Your goal
In the material below, pictures must be dropped. Repeat exactly, and only, the lines from the line with "Lionel The හාල්" to the line with "White converse style", both ends included.

Extracted data
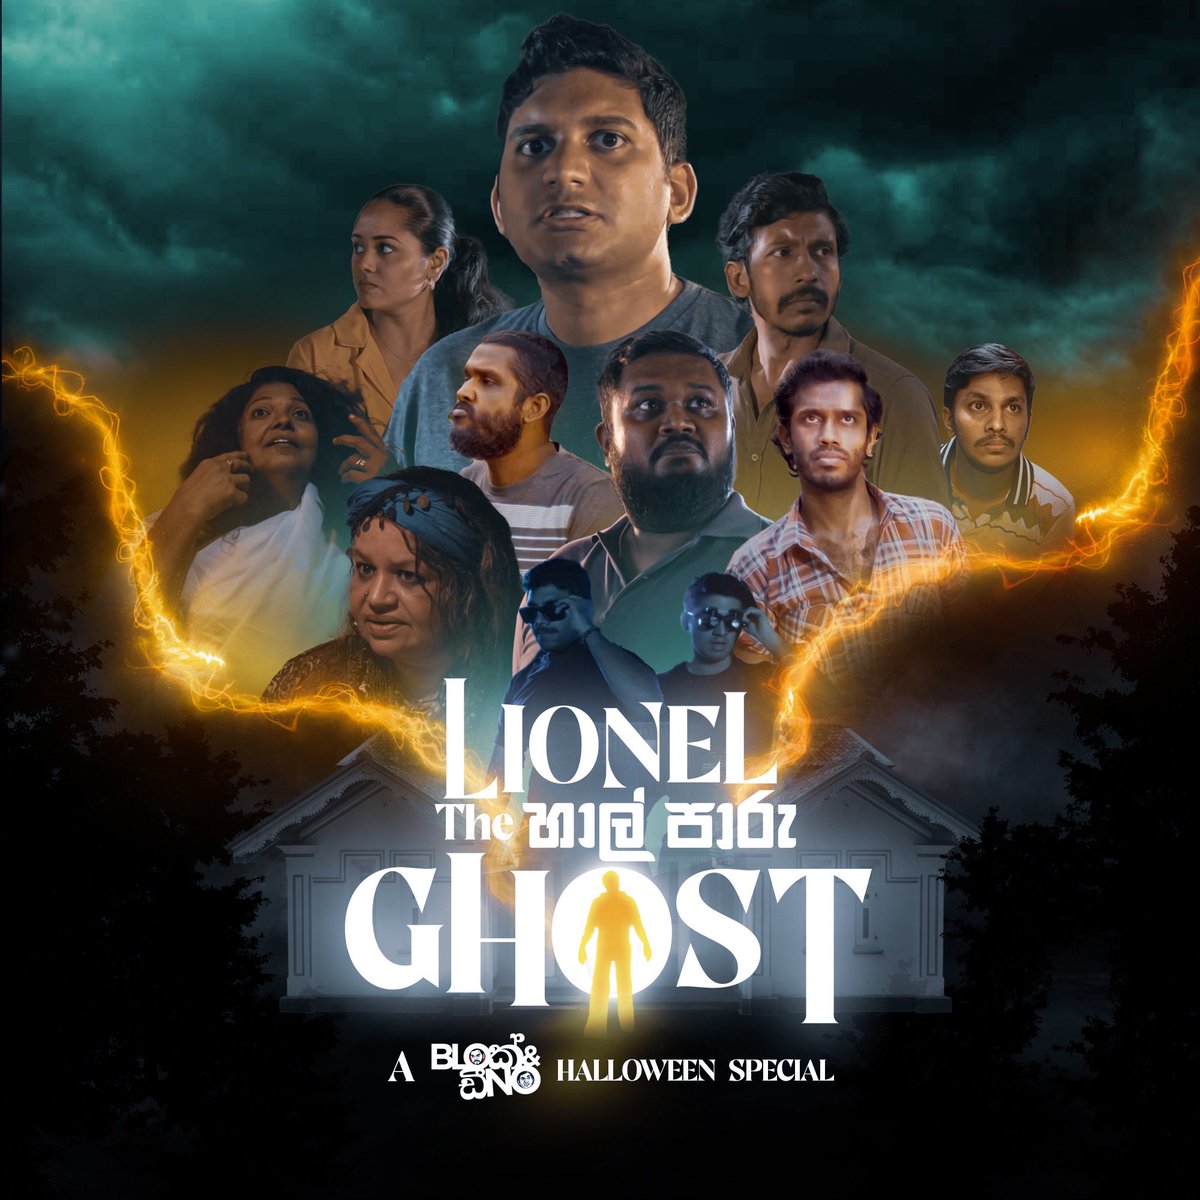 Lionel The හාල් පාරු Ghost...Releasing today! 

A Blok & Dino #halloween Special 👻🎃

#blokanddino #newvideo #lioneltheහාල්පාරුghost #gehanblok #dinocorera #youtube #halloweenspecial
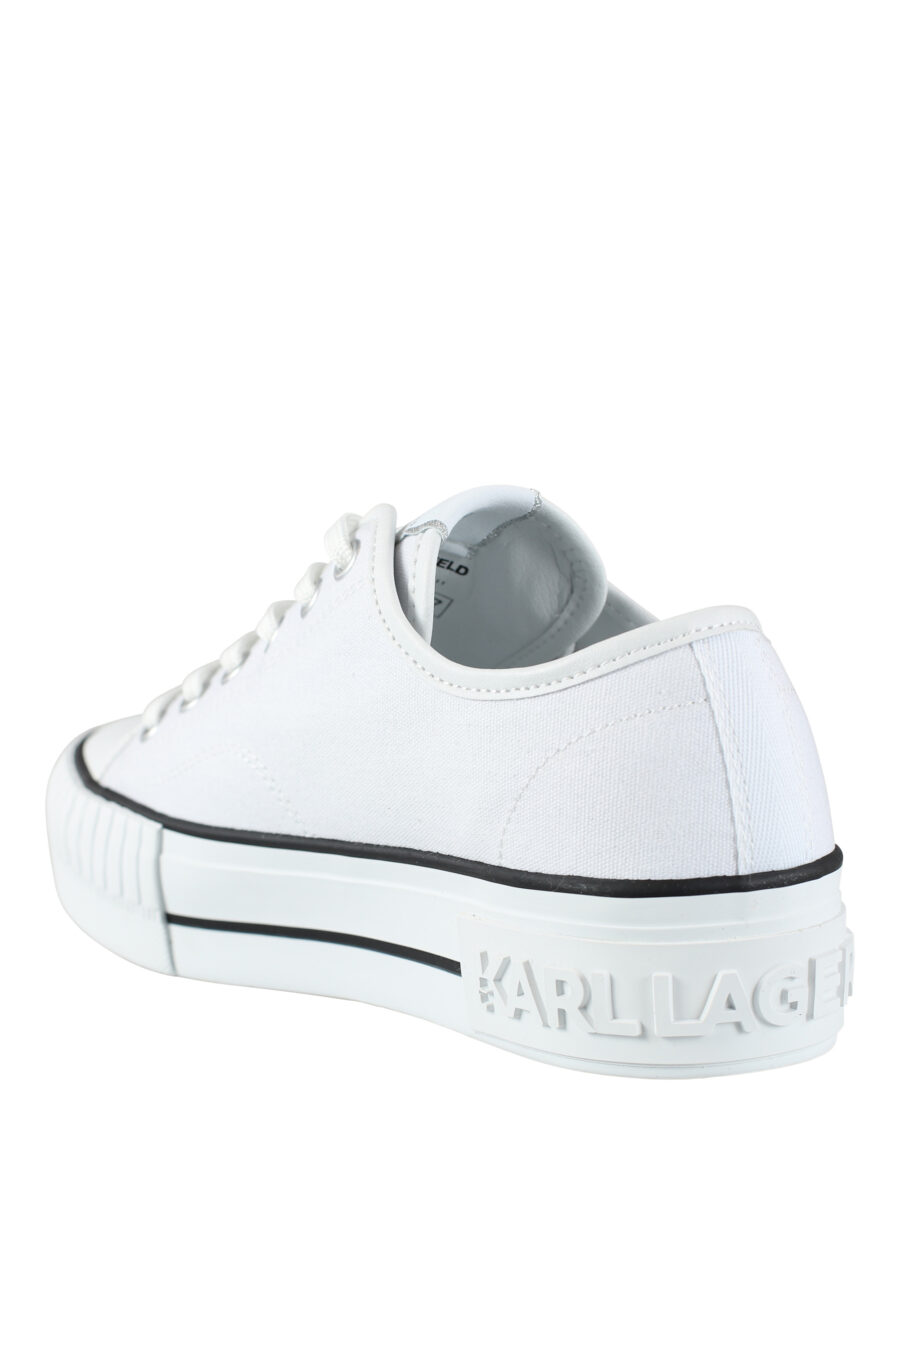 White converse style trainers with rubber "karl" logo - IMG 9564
---
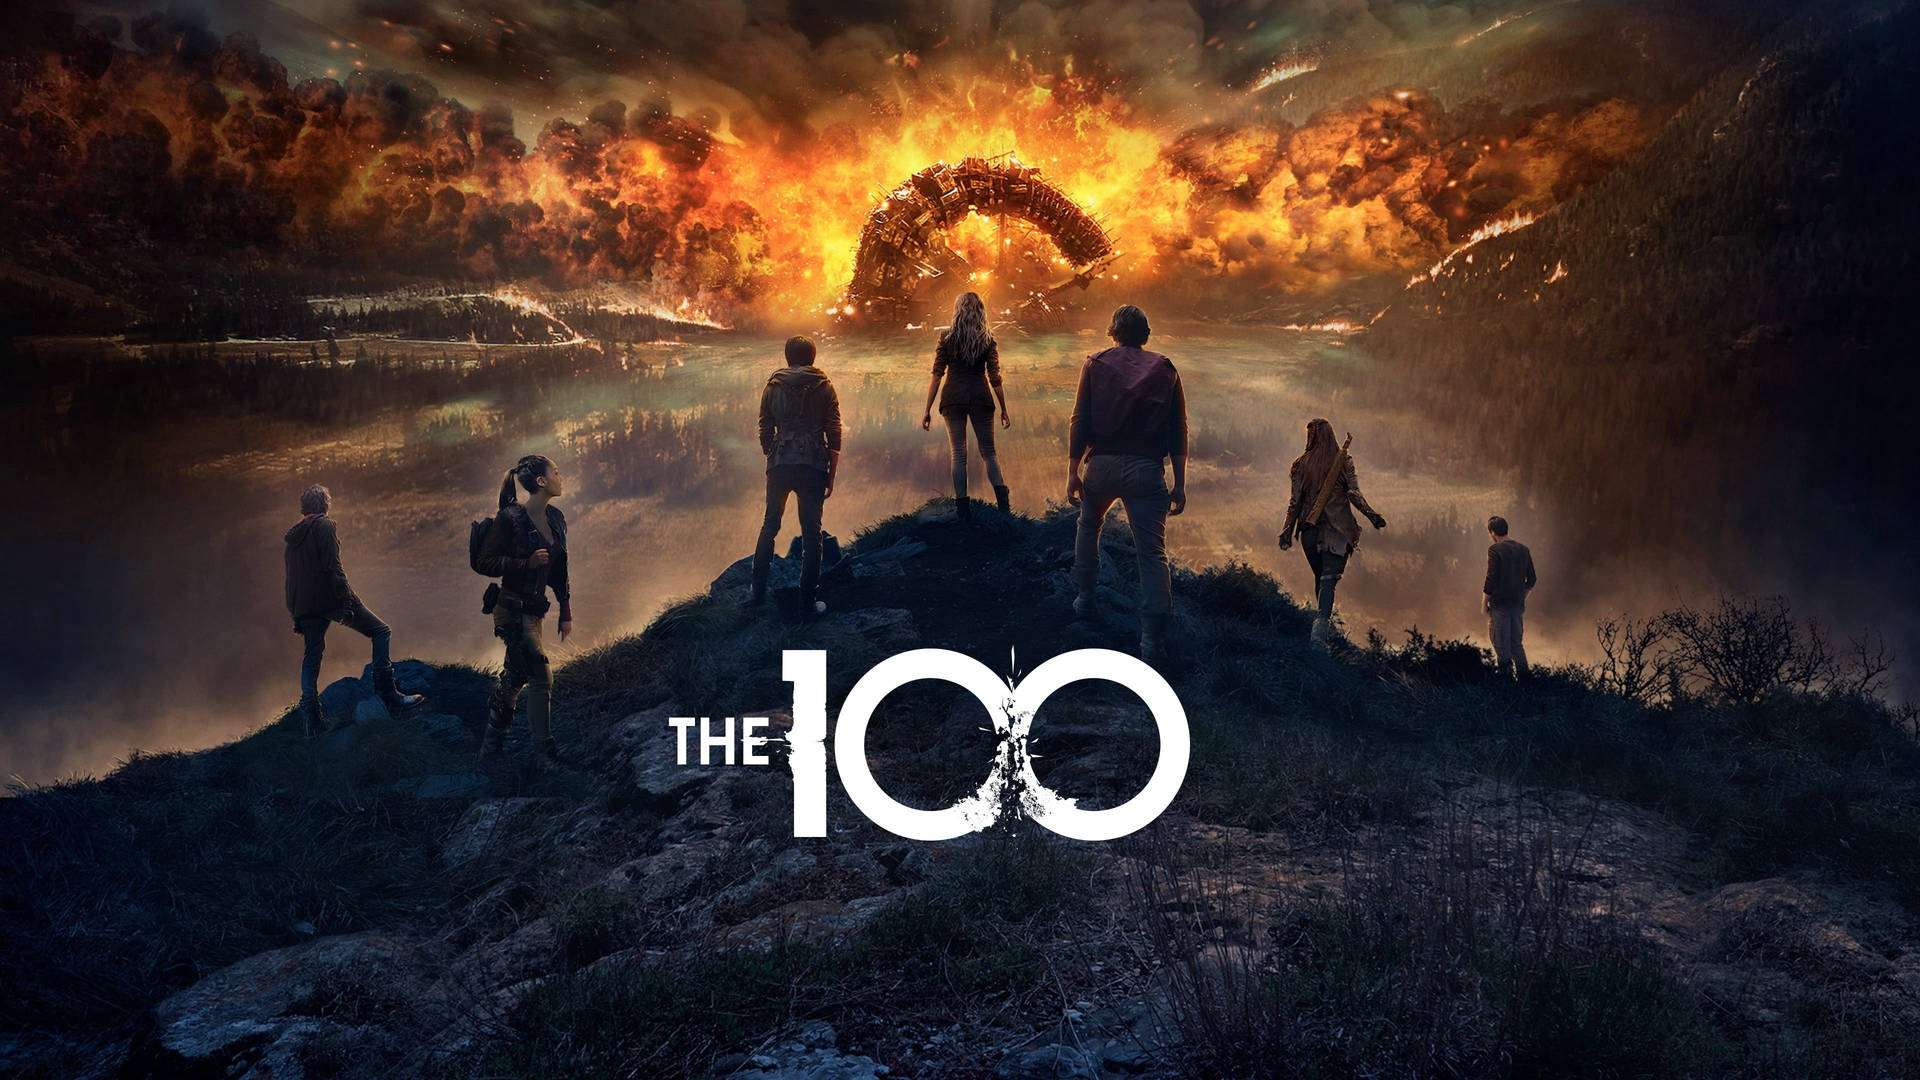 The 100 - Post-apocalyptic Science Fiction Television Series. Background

Response area
 Lionel The හාල් පාරු Ghost...Releasing today! 

A Blok & Dino #halloween Special 👻🎃

#blokanddino #newvideo #lioneltheහාල්පාරුghost #gehanblok #dinocorera #youtube #halloweenspecial
 White converse style trainers with rubber "karl" logo - IMG 9564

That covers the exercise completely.